Un sudor frío cruzó por la frente de Cornelius ante esa respuesta, que consideraba como una ironía un poco brutal, por parte, sobre todo, de un oficial que se le había dicho estaba agregado a la persona del príncipe.

El desgraciado comprendió que la cosa no tenía remedio, que no tenía ya amigos, y se resignó.

—Sea —murmuró bajando la cabeza—, cosas peores se le hicieron a Cristo, y por inocente que yo sea, no puedo compararme a Él. Cristo se habría dejado golpear por su carcelero y no le hubiera pegado.

Luego, volviéndose hacia el oficial, que parecía esperar complaciente a que acabara sus reflexiones, preguntó:

—Veamos, señor, ¿adónde me lleváis?

El oficial le señaló una carroza enganchada a cuatro caballos, que le recordó mucho a la carroza que en parecidas circunstancias había ya herido sus miradas en la Buytenhoff.

—Subid —ordenó.

—¡Ah! —murmuró Cornelius—. ¡Parece que no se me harán a mí los honores de la explanada!

Pronunció estas palabras en voz bastante alta para que el historiador que parecía agregado a su persona las oyera.

Éste creyó, sin duda, que era deber suyo darle nuevos informes a Cornelius, porque se acercó a la portezuela, y mientras el oficial, de pie sobre el estribo daba unas órdenes, le dijo por lo bajo:

—Hemos visto a condenados conducidos a su propia ciudad, y para que el ejemplo fuera más eficaz, sufrir allí el suplicio delante de la puerta de su propia casa.
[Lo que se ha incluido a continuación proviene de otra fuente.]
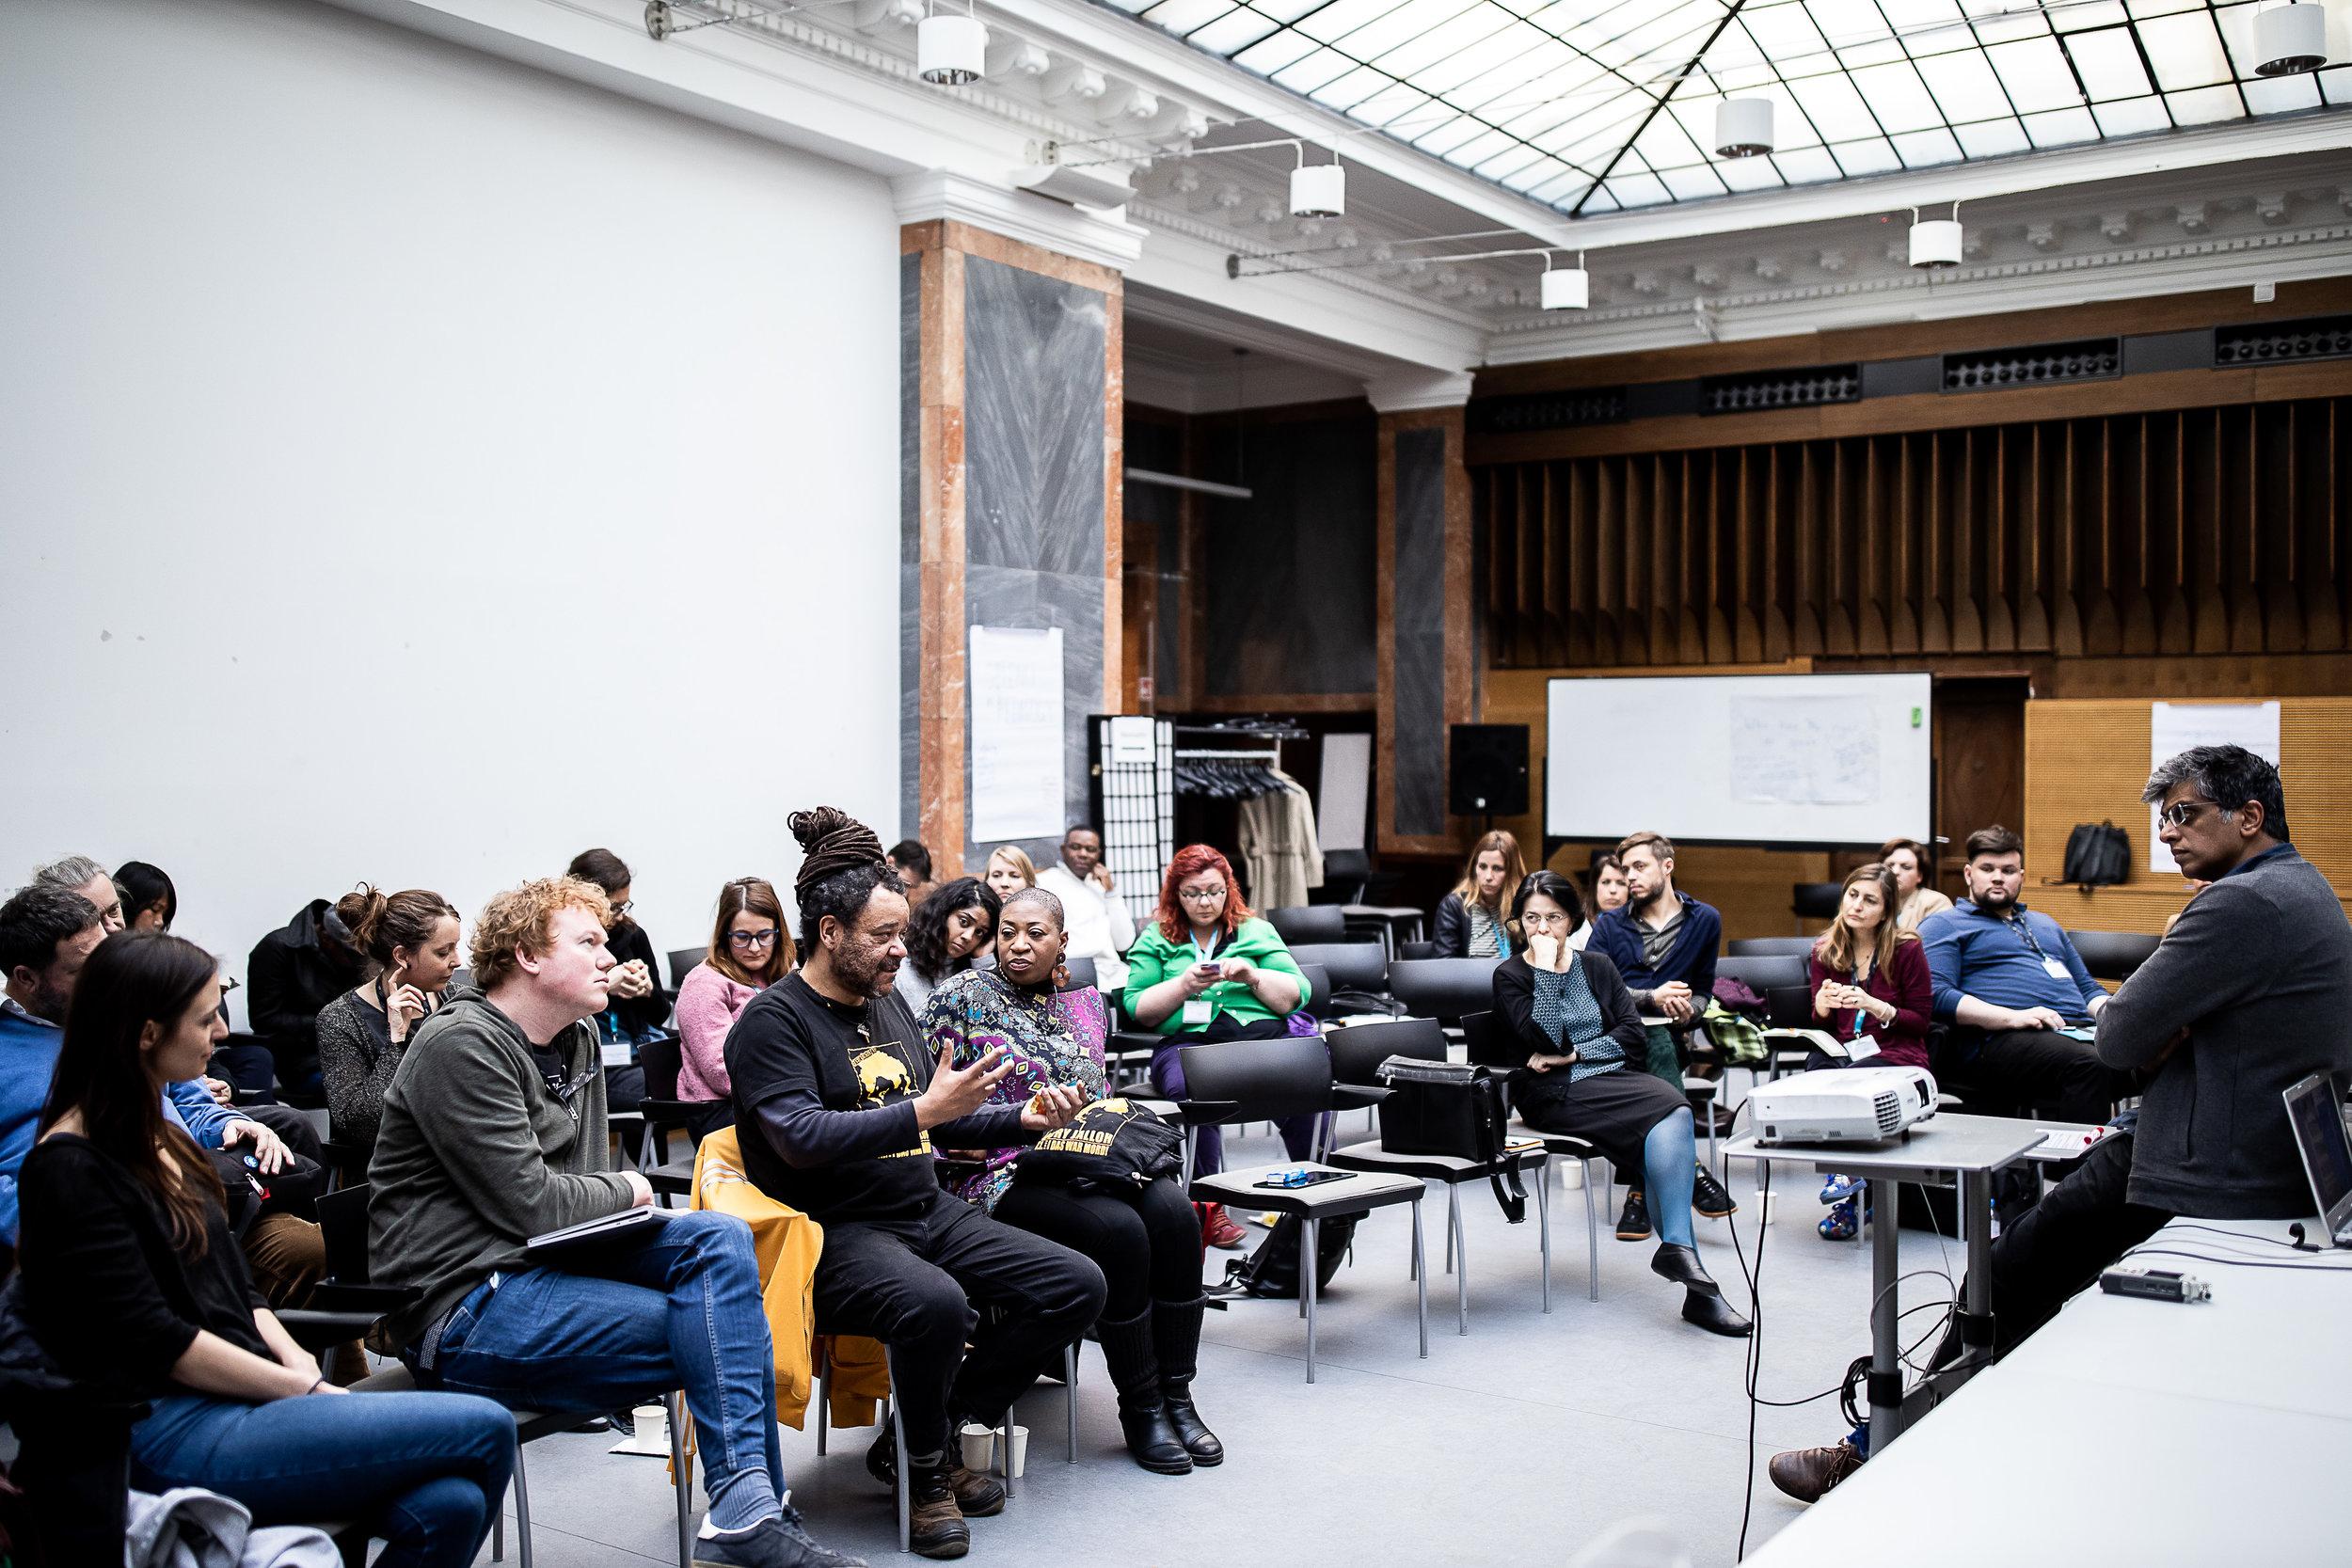 Consortium conference in Budapest, March 2019. Image credit: CEU / Zoltan Adrian (Kepszerkesztoseg)

Esto depende.

Cornelius hizo un gesto de agradecimiento.

«¡Pues bien! —se dijo—. Aquí hay, en buena hora, un muchacho al que no le falta nunca el placer de una consolación cuando se presenta la ocasión. Por mi fe, amigo mío, os estoy muy obligado. ¡Adiós!»

El coche empezó a rodar.

—¡Ah! ¡Criminal! ¡Ah! ¡Bandido! —aulló Gryphus mostrando el puño a su víctima que se le escapaba—. Y decir que se va sin devolverme a mi hija.

«Si me conducen a Dordrecht —murmuró Cornelius para sí—, veré al pasar por delante de mi casa si mis pobres platabandas han sido destrozadas.»

XXX

EN EL QUE SE COMIENZA A IMAGINAR CUÁL ERA EL SUPLICIO RESERVADO A CORNELIUS VAN BAERLE

El coche rodó todo el día. Dejó Dordrecht a la izquierda, atravesó Rotterdam, alcanzó Delft. A las cinco de la tarde había recorrido, por lo menos, veinte leguas.

Cornelius dirigió algunas preguntas al oficial que le servía a la vez de guardia y de compañero, pero, por circunspectas que fueran sus demandas, tuvo el disgusto de verlas sin respuesta.

Cornelius lamentó no tener a su lado a aquel guardia tan complaciente que hablaba sin hacérselo de rogar.

Sin duda, le hubiera proporcionado sobre los motivos de ésta, su extraña tercera aventura, detalles tan graciosos y explicaciones tan precisas como sobre las dos primeras.

Pasaron la noche en el coche. Al día siguiente, al alba, Cornelius se halló más allá de Leiden, teniendo al mar del Norte a su izquierda y al mar de Haarlem a su derecha.

Tres horas después entraban en Haarlem.

Cornelius no sabía en absoluto lo que había ocurrido en Haarlem, y nosotros le dejaremos en esta ignorancia hasta que sea sacado de ella por los acontecimientos.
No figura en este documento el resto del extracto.